Data below
-- Opening Marker --

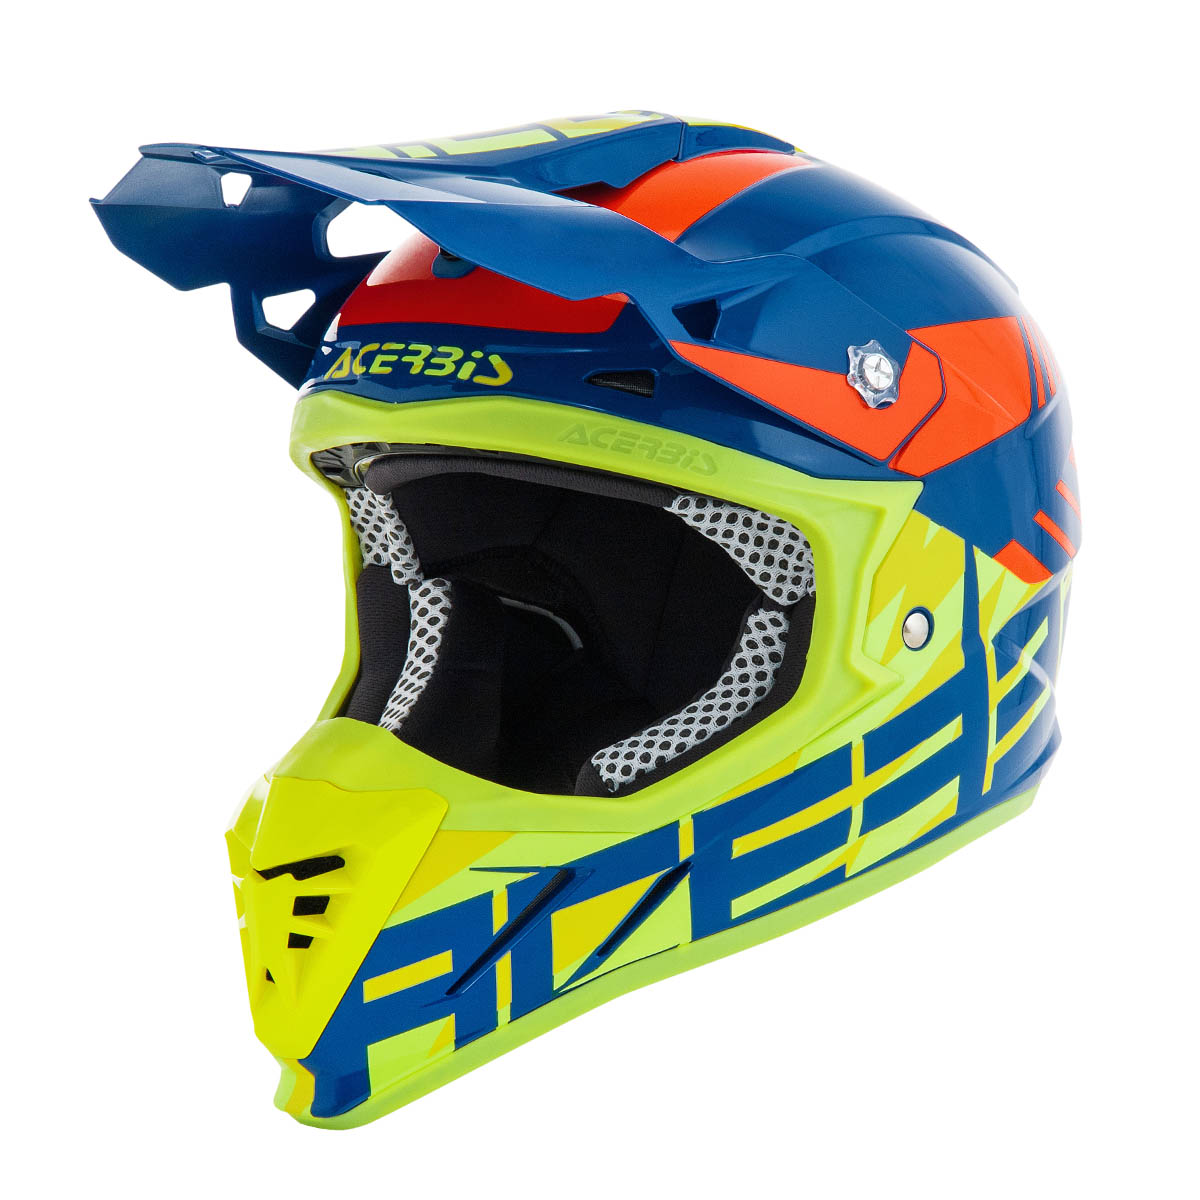 Acerbis Helmet Profile 3.0 S Blue/Fluo Yellow
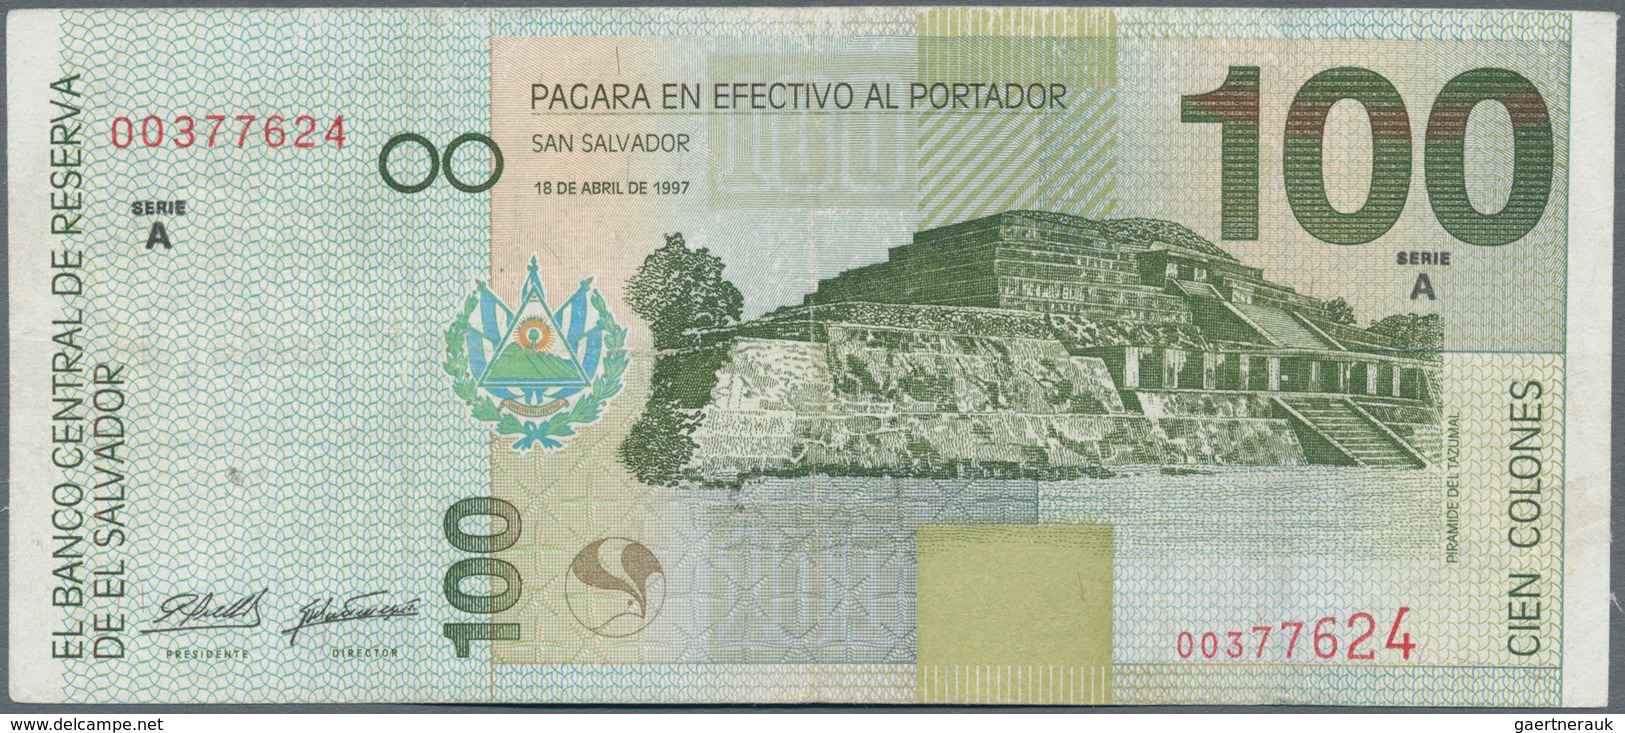 El Salvador: Pair With 100 Colones 1997 P.151a (F+) And 200 Colones 1998 P.152a (F With Small Tear). - El Salvador
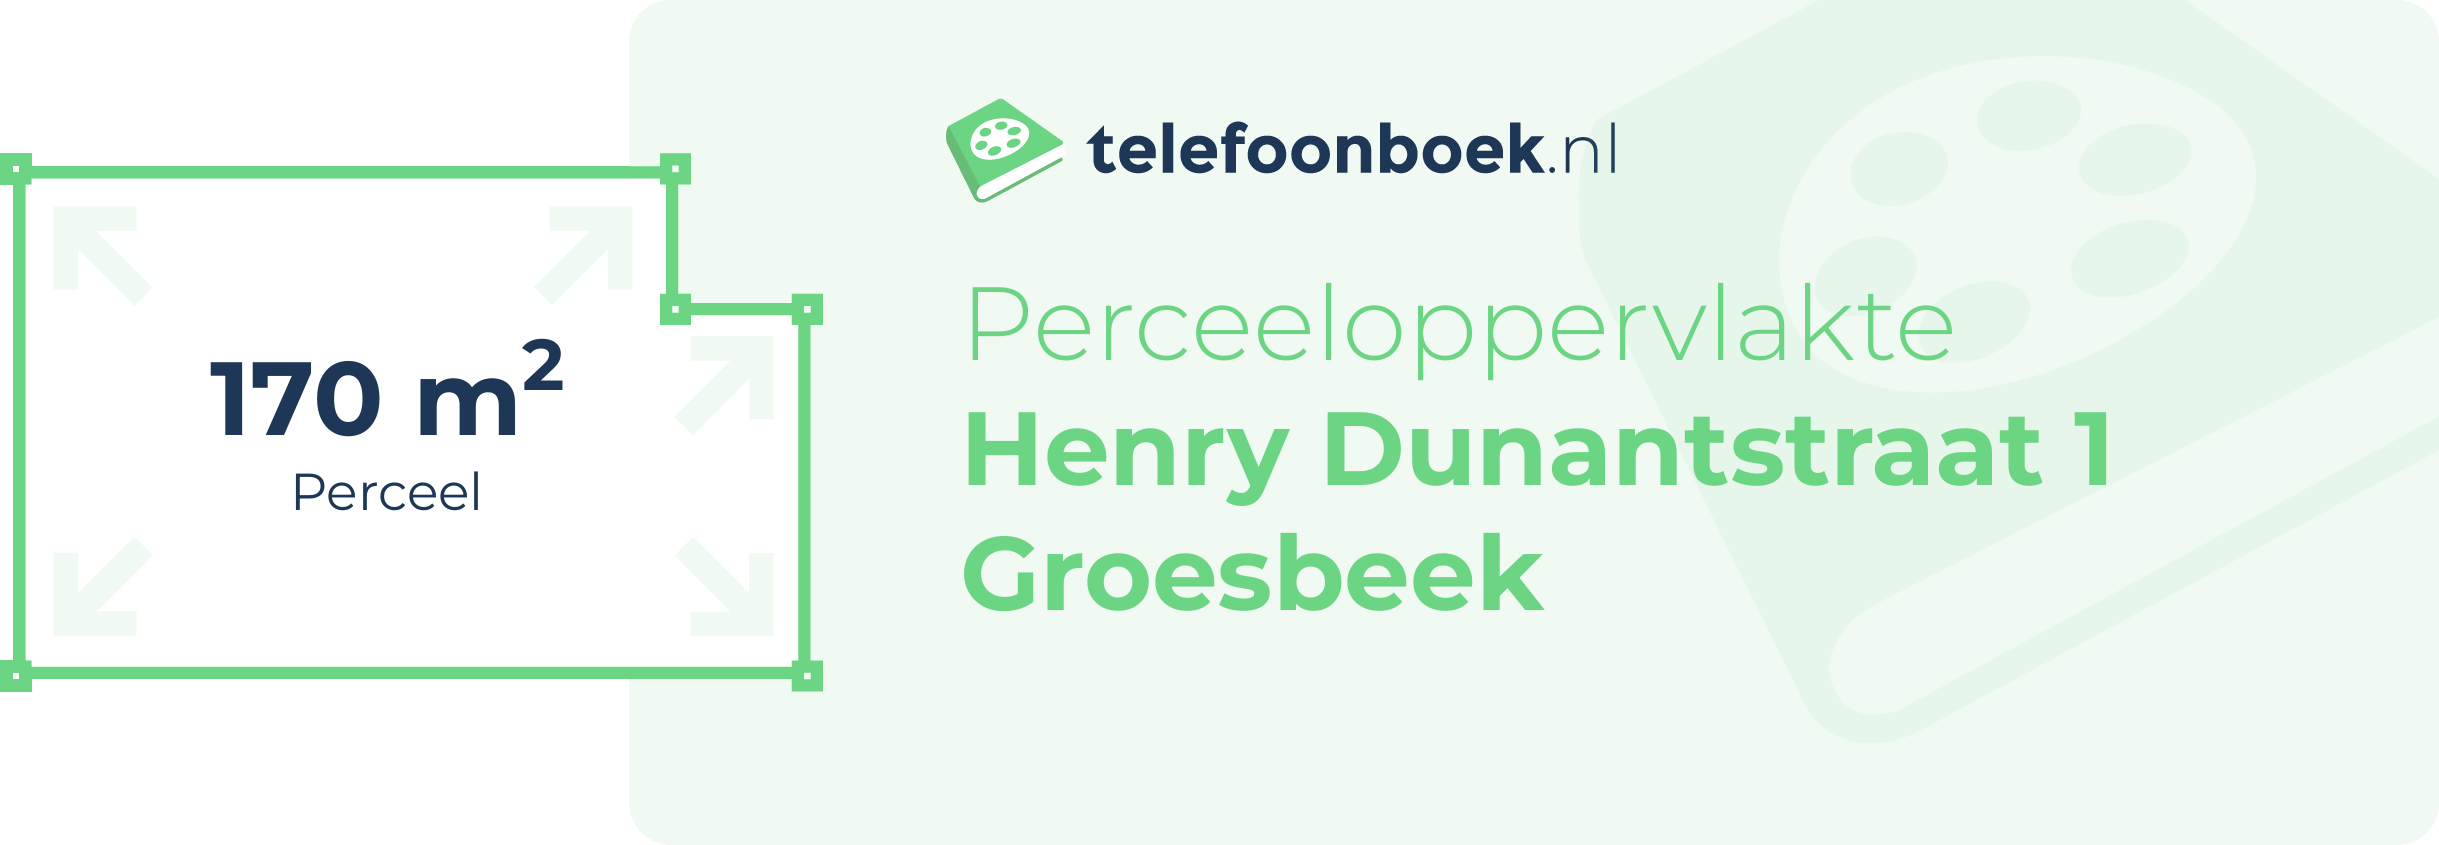 Perceeloppervlakte Henry Dunantstraat 1 Groesbeek

-- Closing Marker --

What is required
Restate the data word for word, minus any images.

Expected output
 Acerbis Helmet Profile 3.0 S Blue/Fluo Yellow
 El Salvador: Pair With 100 Colones 1997 P.151a (F+) And 200 Colones 1998 P.152a (F With Small Tear). - El Salvador
 Perceeloppervlakte Henry Dunantstraat 1 Groesbeek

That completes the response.